Stored data
* * * * * * * * *

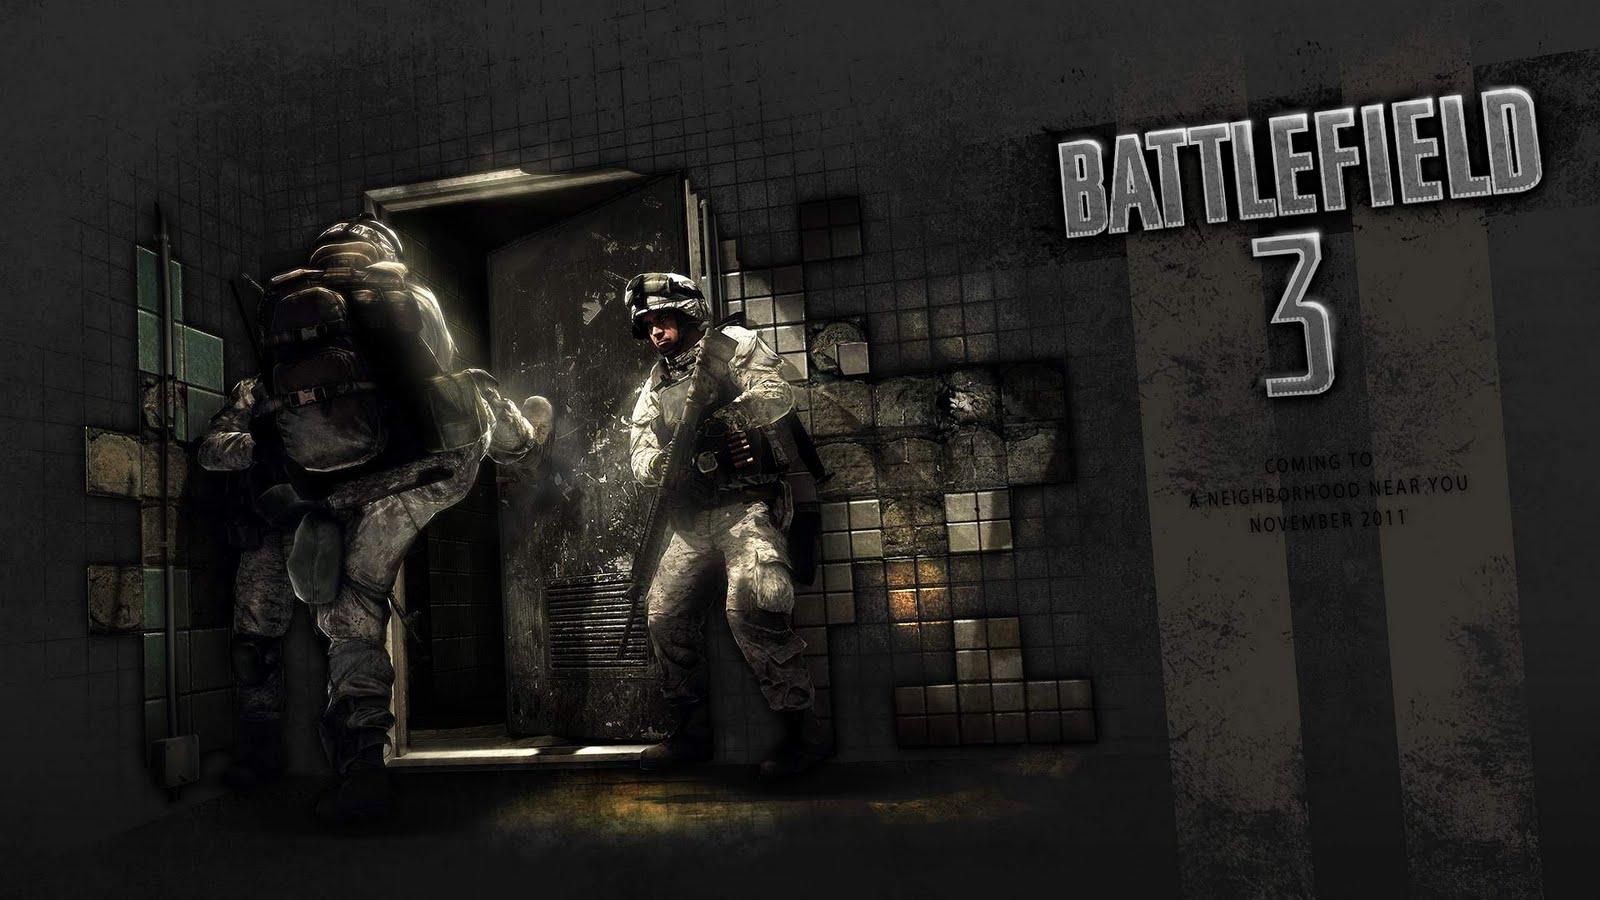 http://1.bp.blogspot.com/-Qr9-8G4k_4g/TeeUYNywVGI/AAAAAAAAAFA/CApl4WuqCzg/s1600/Battlefield+3+Wallpapers-15.jpg
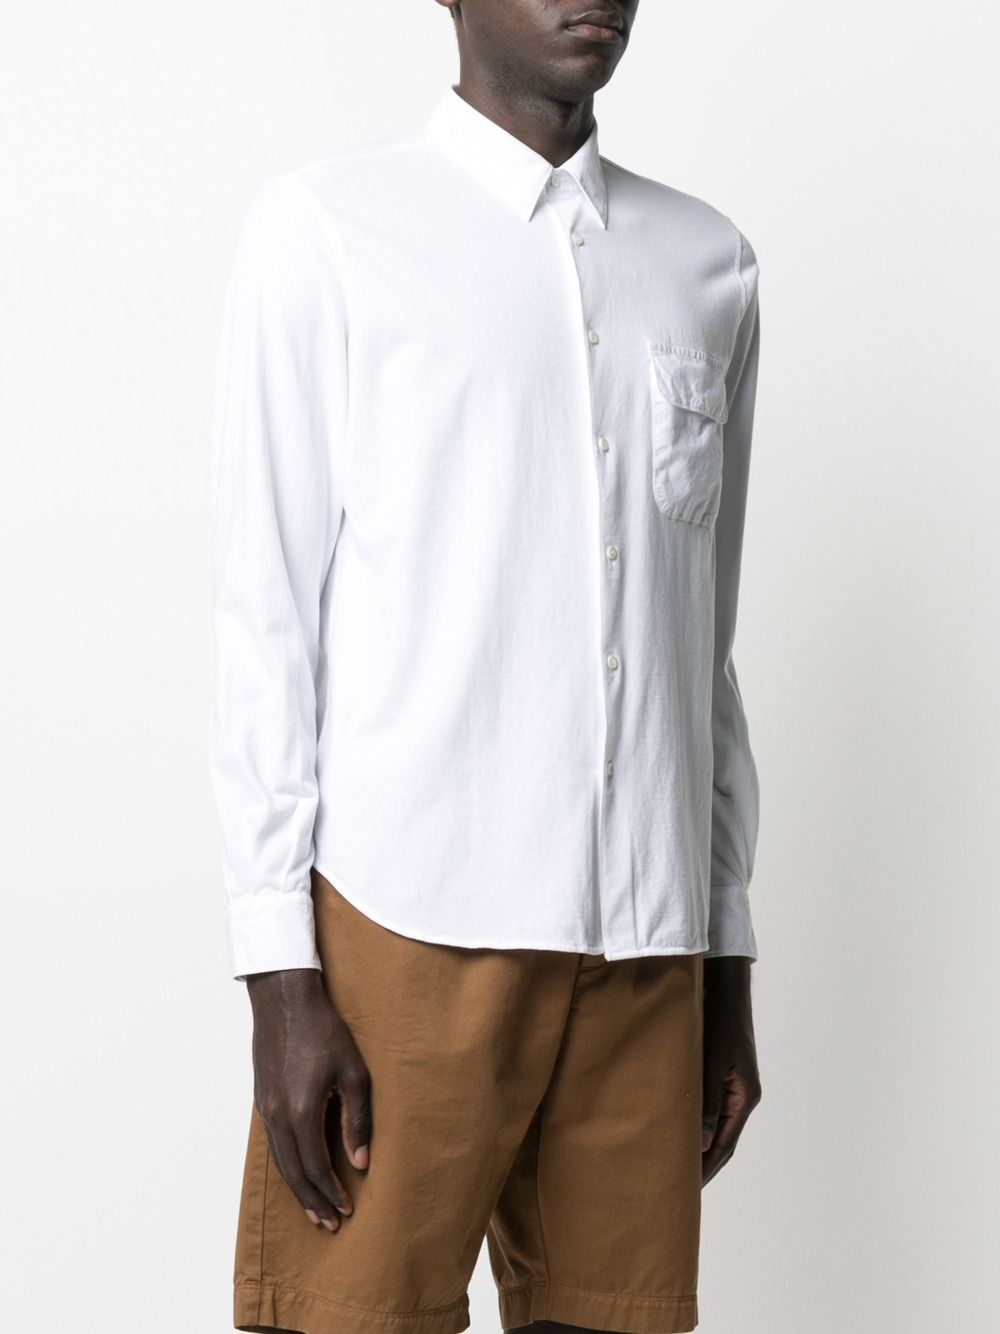 White cotton long-sleeved shirt featuring classic collar ASPESI |  | AY46-940885072
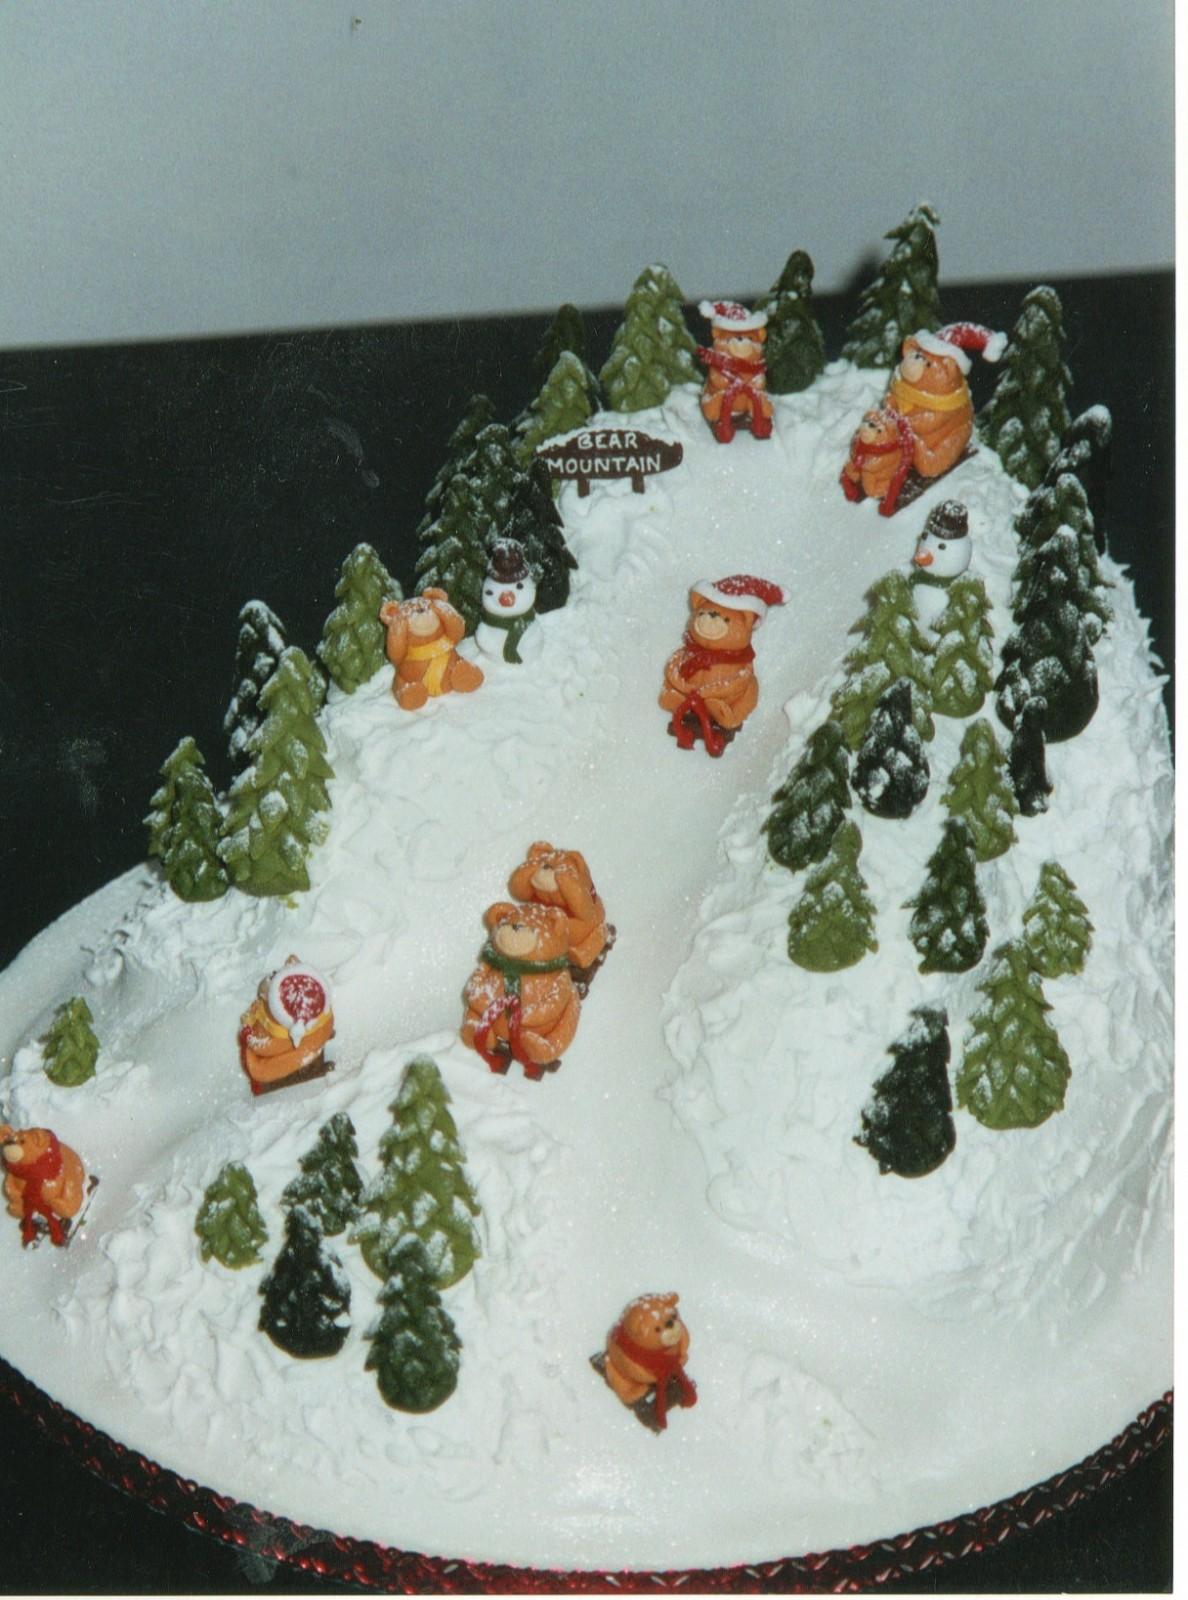 Christmas Cake New Design : Bear Mountain Novelty Christmas Cake   Susie s Cakes
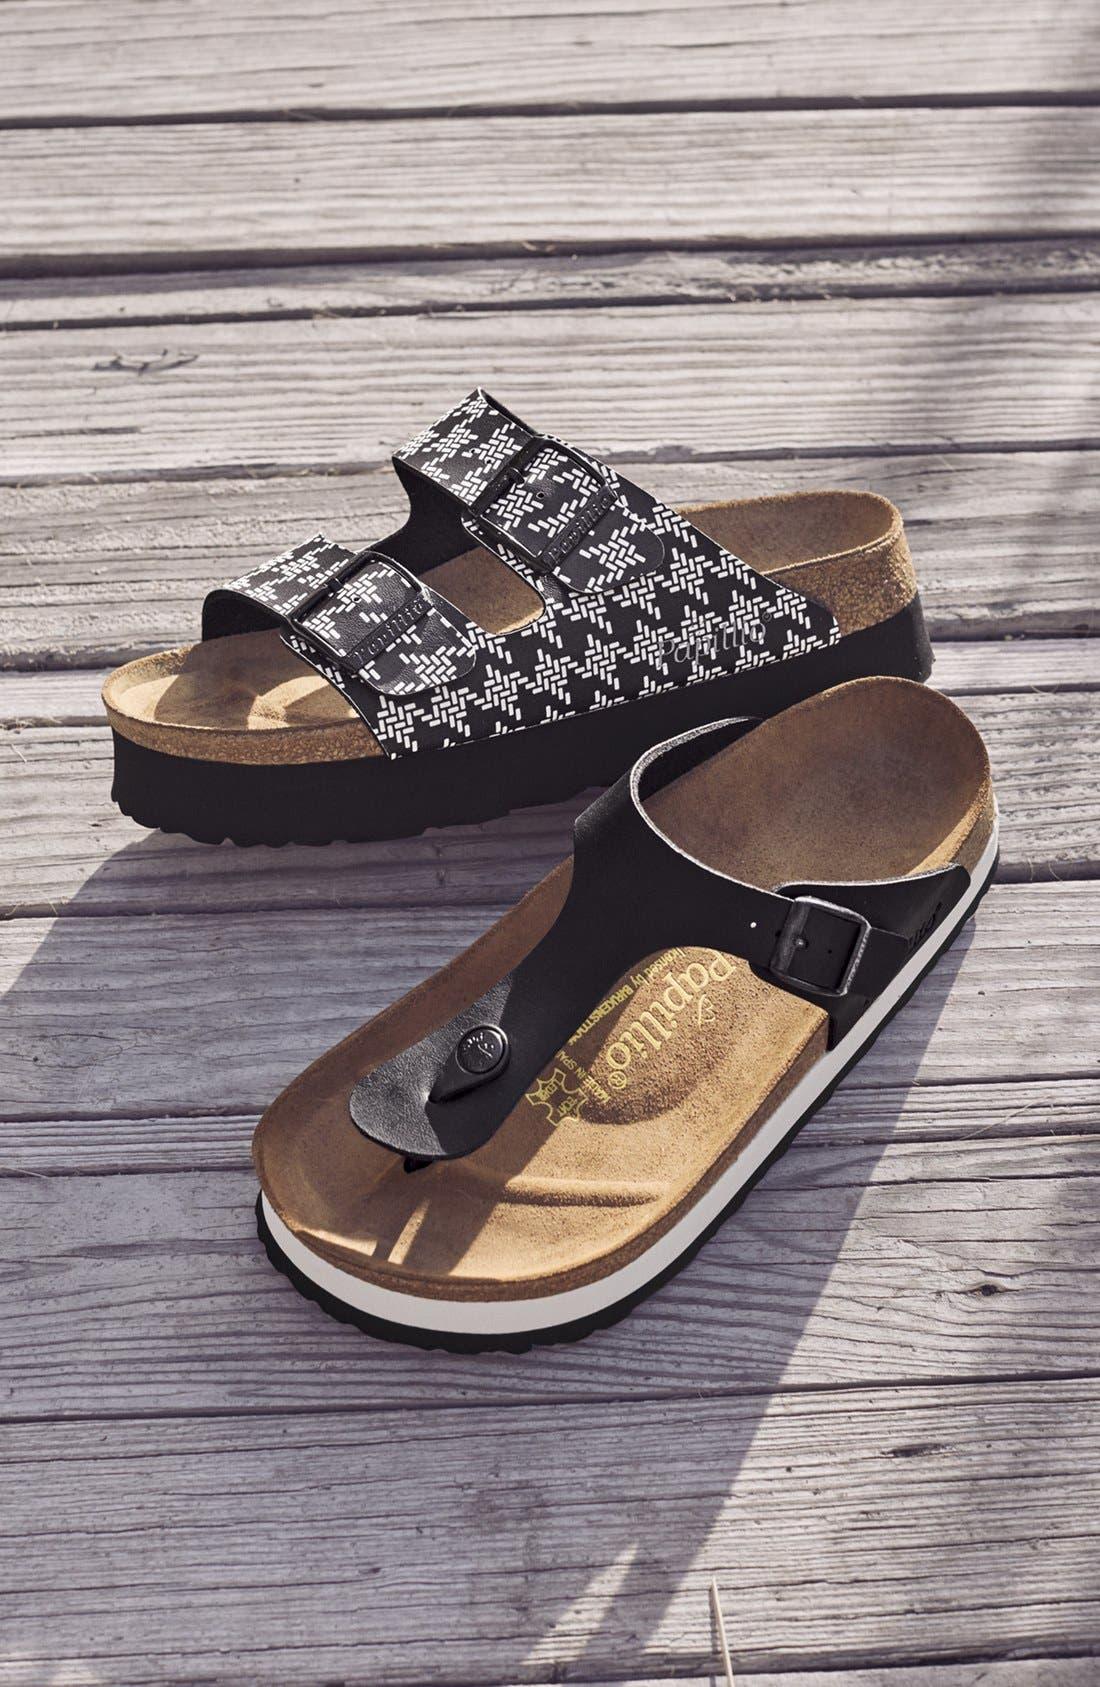 Papillio by Birkenstock 'Gizeh' Birko-Flor Platform Flip Flop Sandal,                             Alternate thumbnail 7, color,                             150

* * * * * * * * *

Work to be completed
Please reproduce, exactly and only, the lines from the line containing "Christmas Cake New" through the last line of the material above, minus any pictures.

Answer to the problem
 Christmas Cake New Design : Bear Mountain Novelty Christmas Cake   Susie s Cakes
 Papillio by Birkenstock 'Gizeh' Birko-Flor Platform Flip Flop Sandal,                             Alternate thumbnail 7, color,                             150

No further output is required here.